Faktor yang Mempengaruhi Dividend Payout Ratio (DPR) pada Perusahaan di Bursa Efek Indonesia

 

Faktor yang Mempengaruhi Dividend Payout Ratio (DPR) pada Perusahaan di Bursa Efek Indonesia - (Perbandingan Perusahaan dengan Kepemilikan Manajemen dan Tanpa Kepemilikan Manajemen) - Dalam dunia investasi saham, dividen selalu menjadi topik yang menarik untuk dibahas. Banyak investor di Indonesia yang memilih saham bukan hanya karena potensi capital gain, tetapi juga karena konsistensi pembagian dividen. Salah satu indikator yang sering digunakan untuk mengukur kebijakan dividen perusahaan adalah Dividend Payout Ratio (DPR).

Bagi perusahaan yang terdaftar di Bursa Efek Indonesia (BEI), kebijakan dividen bukan hanya soal membagikan laba, tetapi juga menyangkut strategi keuangan, struktur kepemilikan, serta sinyal kepada pasar. Dalam konteks ini, menarik untuk mengkaji apakah terdapat perbedaan faktor-faktor yang mempengaruhi DPR pada perusahaan yang sebagian sahamnya dimiliki oleh manajemen (insider ownership) dan perusahaan yang tidak dimiliki oleh manajemen.

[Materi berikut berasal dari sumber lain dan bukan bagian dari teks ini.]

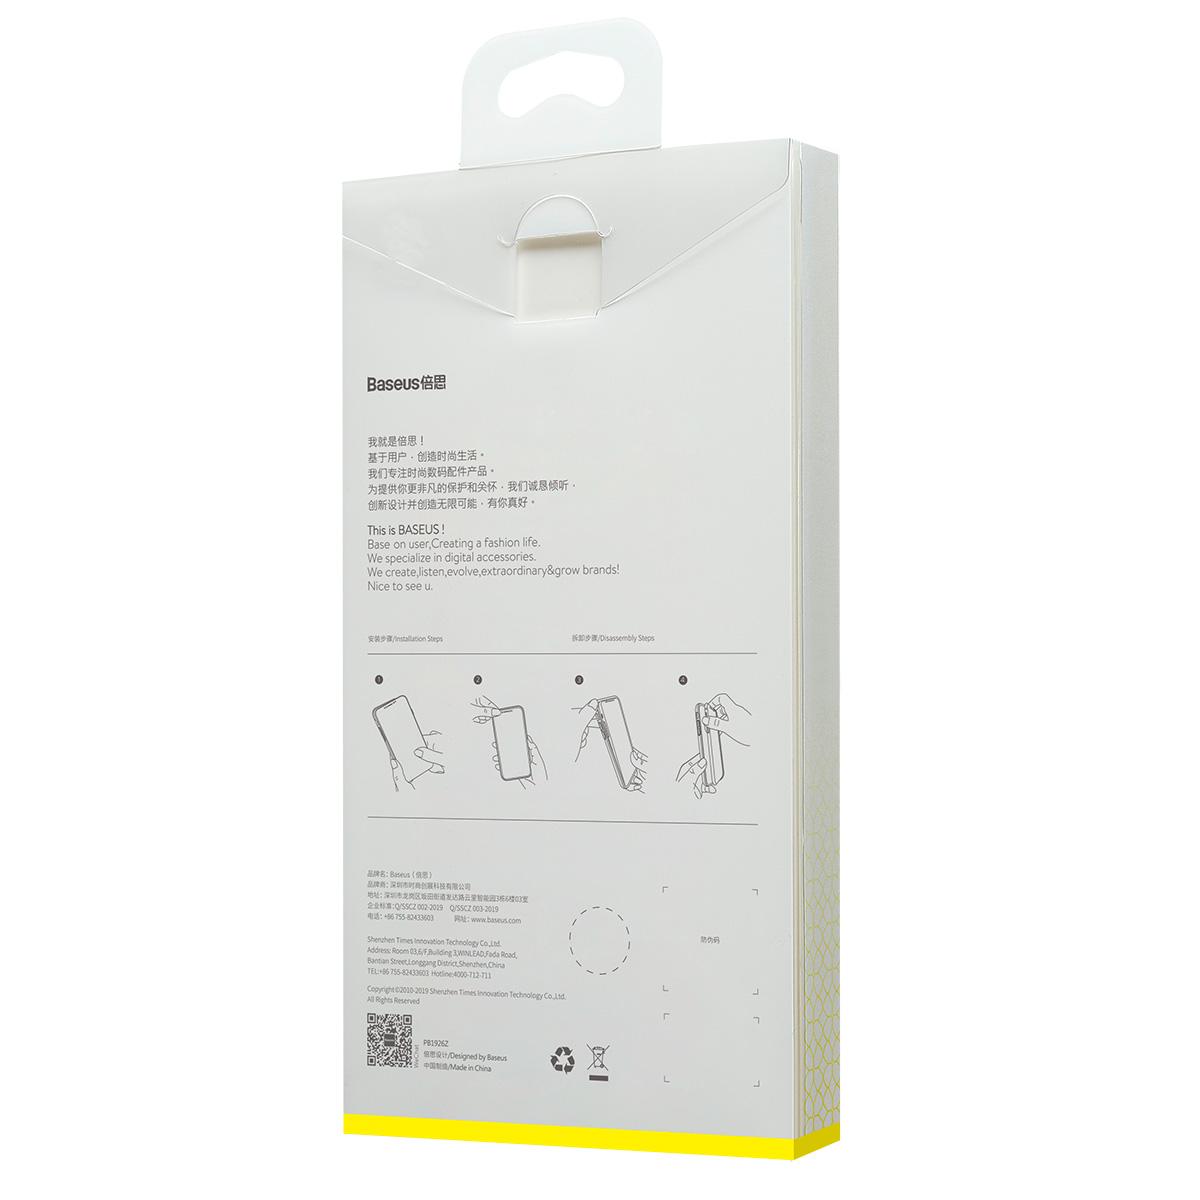 Capa Protetora Baseus Safety Airbags para iPhone 11 Pro Max
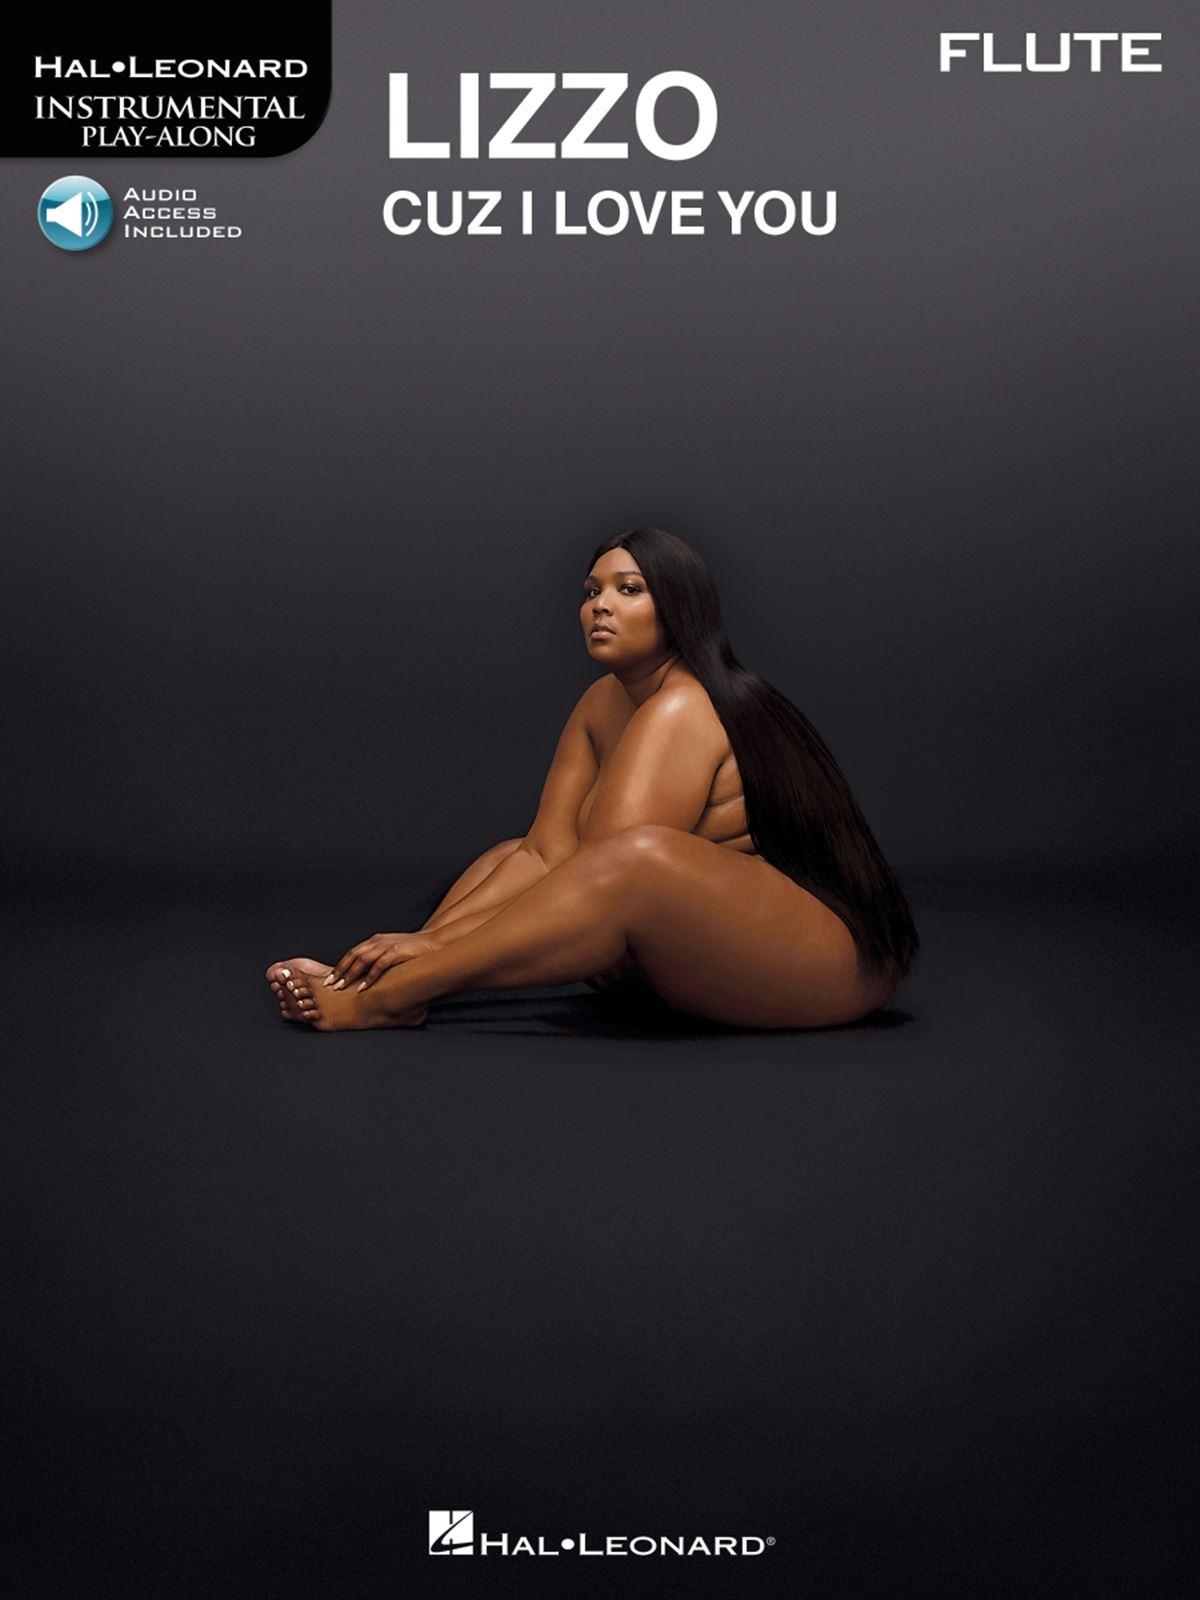 Cuz I Love You

Sumber Gambar: Dreamina AI


Artikel ini mengulas secara komprehensif penelitian yang dilakukan oleh Amalia Nur Chasanah (2008) dari Program Pascasarjana Universitas Diponegoro, serta mengembangkan pembahasannya dengan pendekatan yang lebih kontekstual dan relevan dengan kondisi pasar modal saat ini.

Konsep Dasar Dividend Payout Ratio (DPR)

Dividend Payout Ratio (DPR) adalah rasio yang menunjukkan persentase laba bersih yang dibagikan kepada pemegang saham dalam bentuk dividen. Secara sederhana:

DPR = Dividen Tunai / Laba Bersih

Rasio ini mencerminkan kebijakan perusahaan dalam membagi keuntungan antara pemegang saham dan laba ditahan (retained earnings). Jika DPR tinggi, berarti perusahaan lebih banyak membagikan laba kepada investor. Jika rendah, perusahaan cenderung menahan laba untuk ekspansi.

Menurut teori kebijakan dividen, terdapat beberapa pendekatan utama:

  1. Dividend Irrelevance Theory – Menurut Miller dan Modigliani, kebijakan dividen tidak mempengaruhi nilai perusahaan dalam pasar sempurna (Brigham & Houston, 2019: 620).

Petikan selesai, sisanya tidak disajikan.